Next, potential co-localization of mitochondria and autolysosomes was visualized by CLSM using MCF-7 cells stained with MTR and LysoTracker Green (LTG).18,31 Compared to the untreated control, the colocalization of mitochondria and lysosome obviously increased after mito-ATTEC treatment, indicating the induction of mitophagy (Fig. S2a). Whereas knockdown of ATG5, which is essential for autophagosome maturation, obviously decreased the co-localization of mitochondria with lysosomes. Moreover, accumulation of the sequestered mitochondrion could be detected within the autolysosomes in the mito-ATTEC-treated cells under a TEM (Fig. 2b). In conclusion, the designed mito-ATTECs induced the mitochondria–LC3 interaction and tethered mitochondria to autolysosomes for subsequent degradation.
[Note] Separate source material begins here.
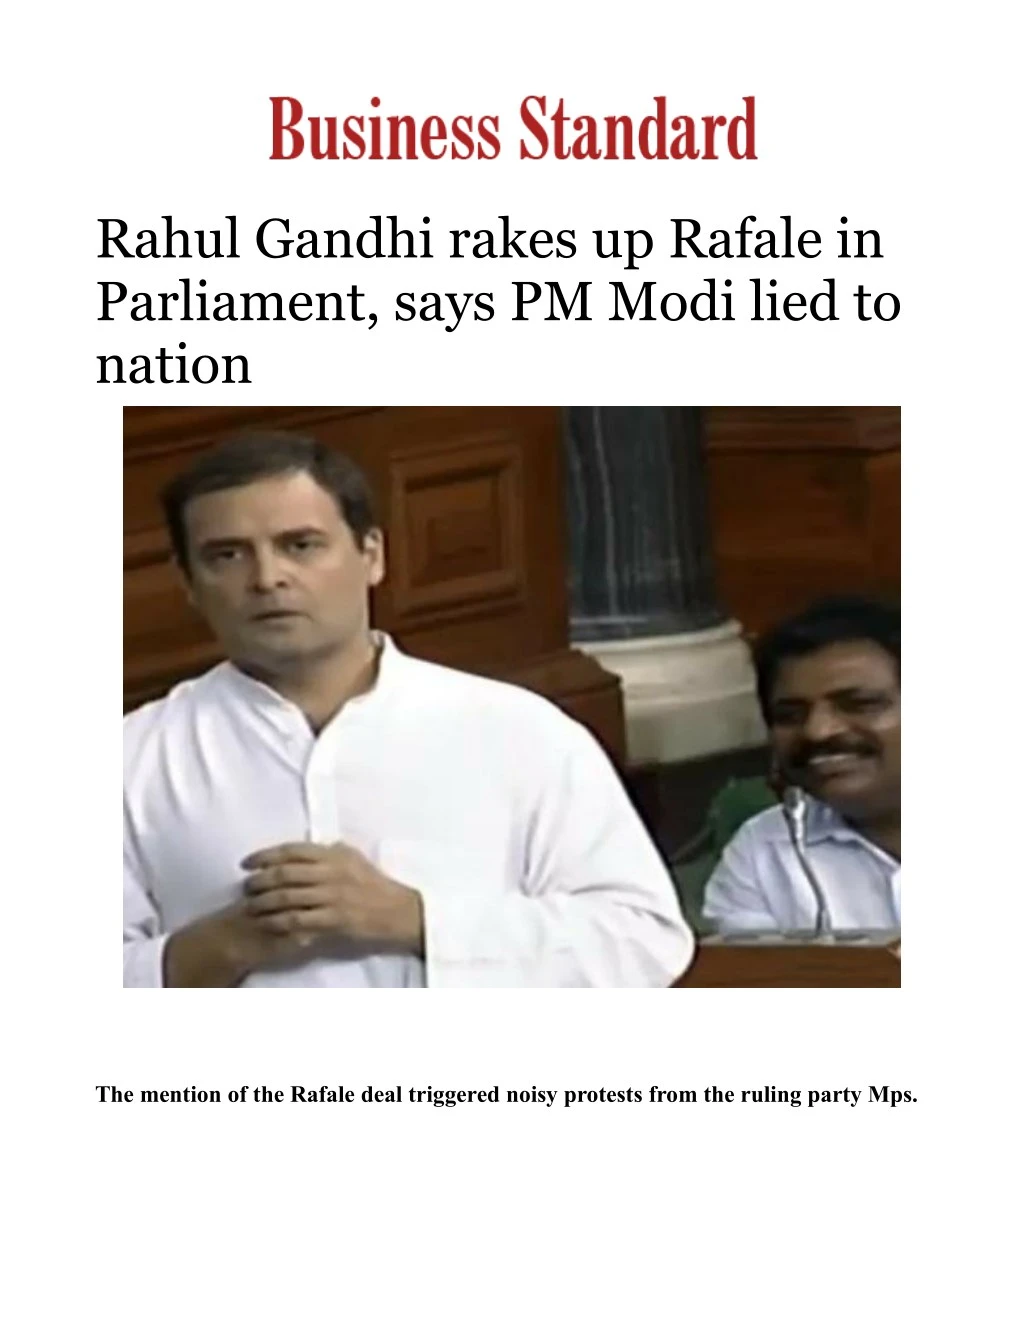 rahul gandhi rakes up rafale in parliament says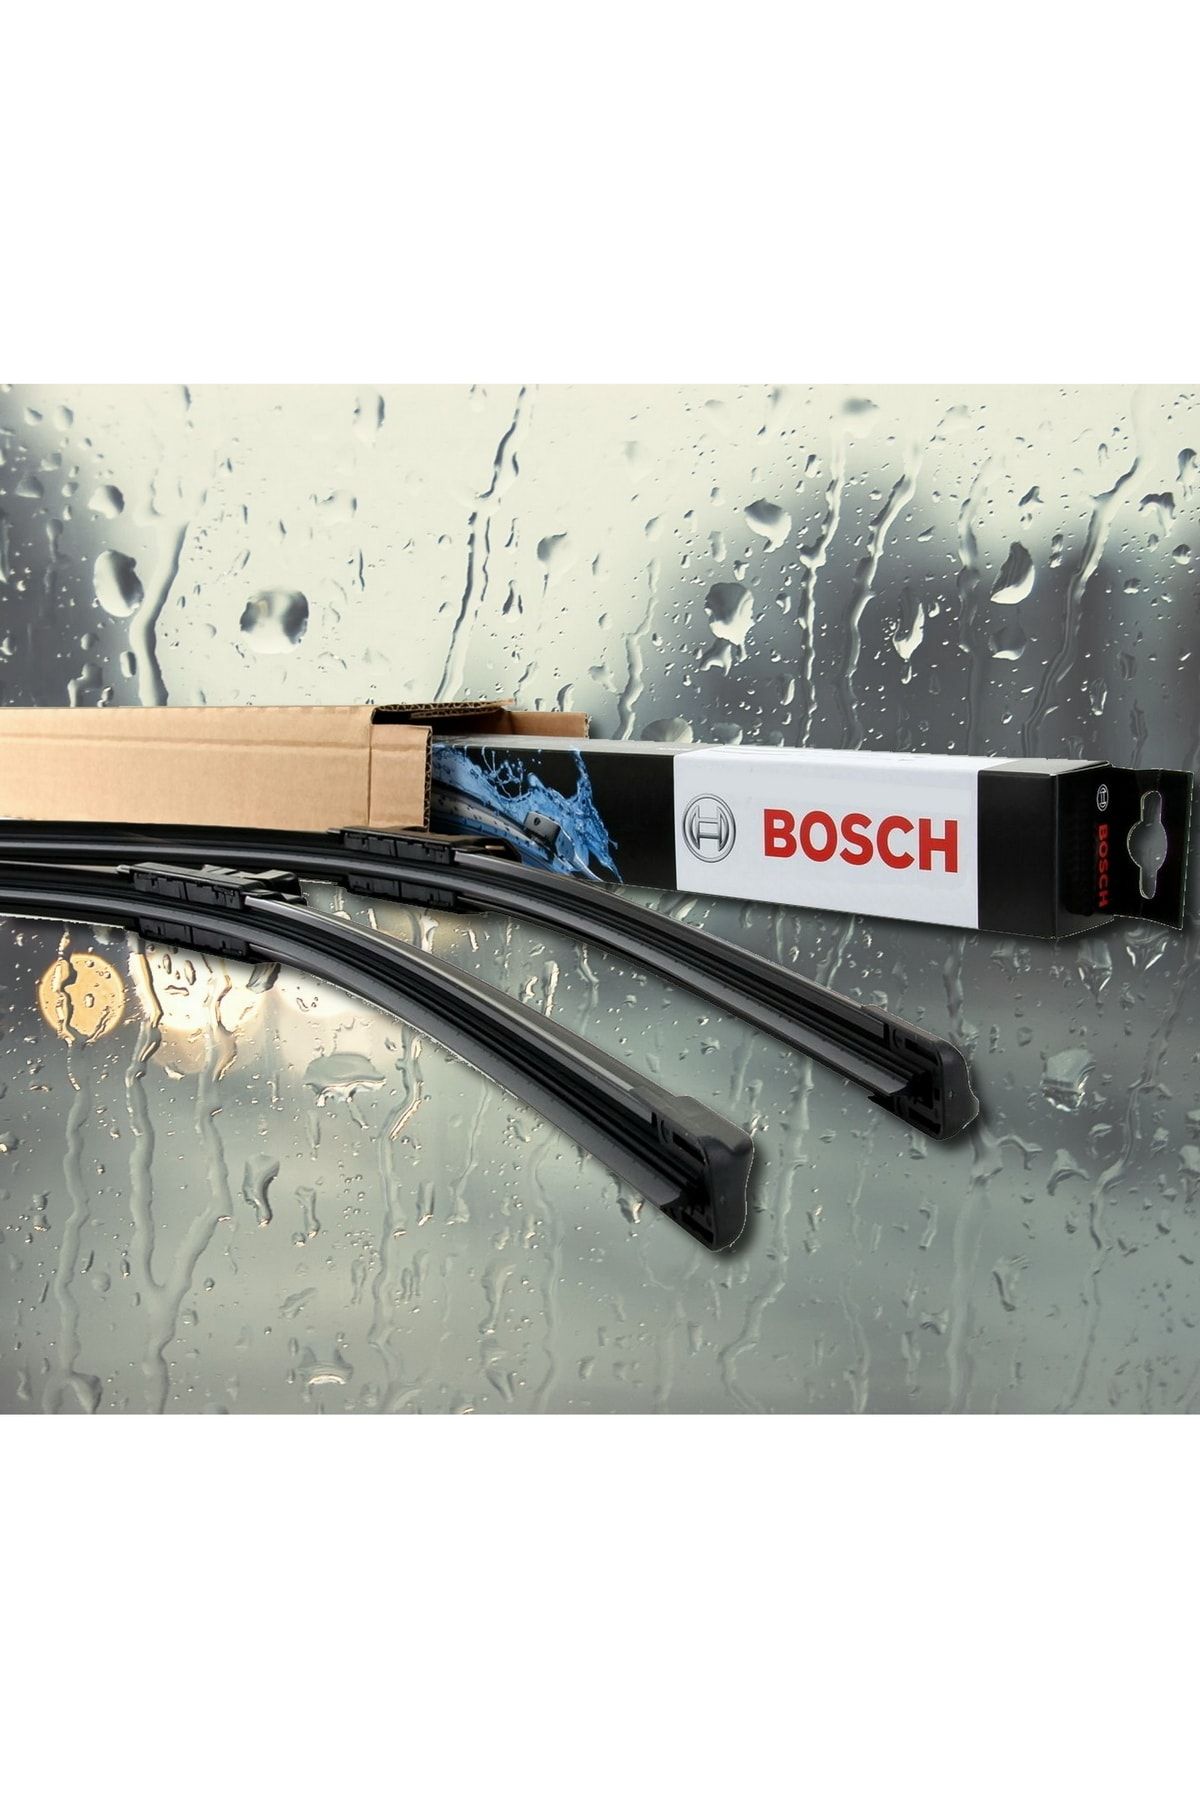 Bosch Usta Parçacı Vw Jetta Silecek Takımı 2011-2017 Aerotwin A620s

We further ascertained the activation of mitophagy using the mito-Keima protein, a mitochondria-targeted reporter that allows for assessment of mitophagy (Fig. 2c).32 Keima is a lysosomal protease-resistant fluorescent protein and also exhibits pH-sensitive excitation. At a neutral pH in the cytosol, the shorter-wavelength excitation predominates (458 nm). At an acidic pH following delivery of mitochondria to acidic lysosomes, mt-Keima undergoes a gradual shift to longer-wavelength excitation (561 nm).32 Compared to DMSO-treated cells, a robust increase in red fluorescence was observed in cells treated with mito-ATTECs (12 h), suggesting the induction of mitophagy. 3-Methyladenine (3-MA, 2 mM) co-treated MCF-7 cells showed a modest reduction in red fluorescence compared with only mito-ATTEC-treated cells, consistent with decreased mitophagic flux in these cells. Similarly, ATG5 knockdown resulted in a significant decrease in the red signal in MCF-7 cells, reflecting autophagy's dominant role in mito-ATTEC-induced mitochondrial degradation.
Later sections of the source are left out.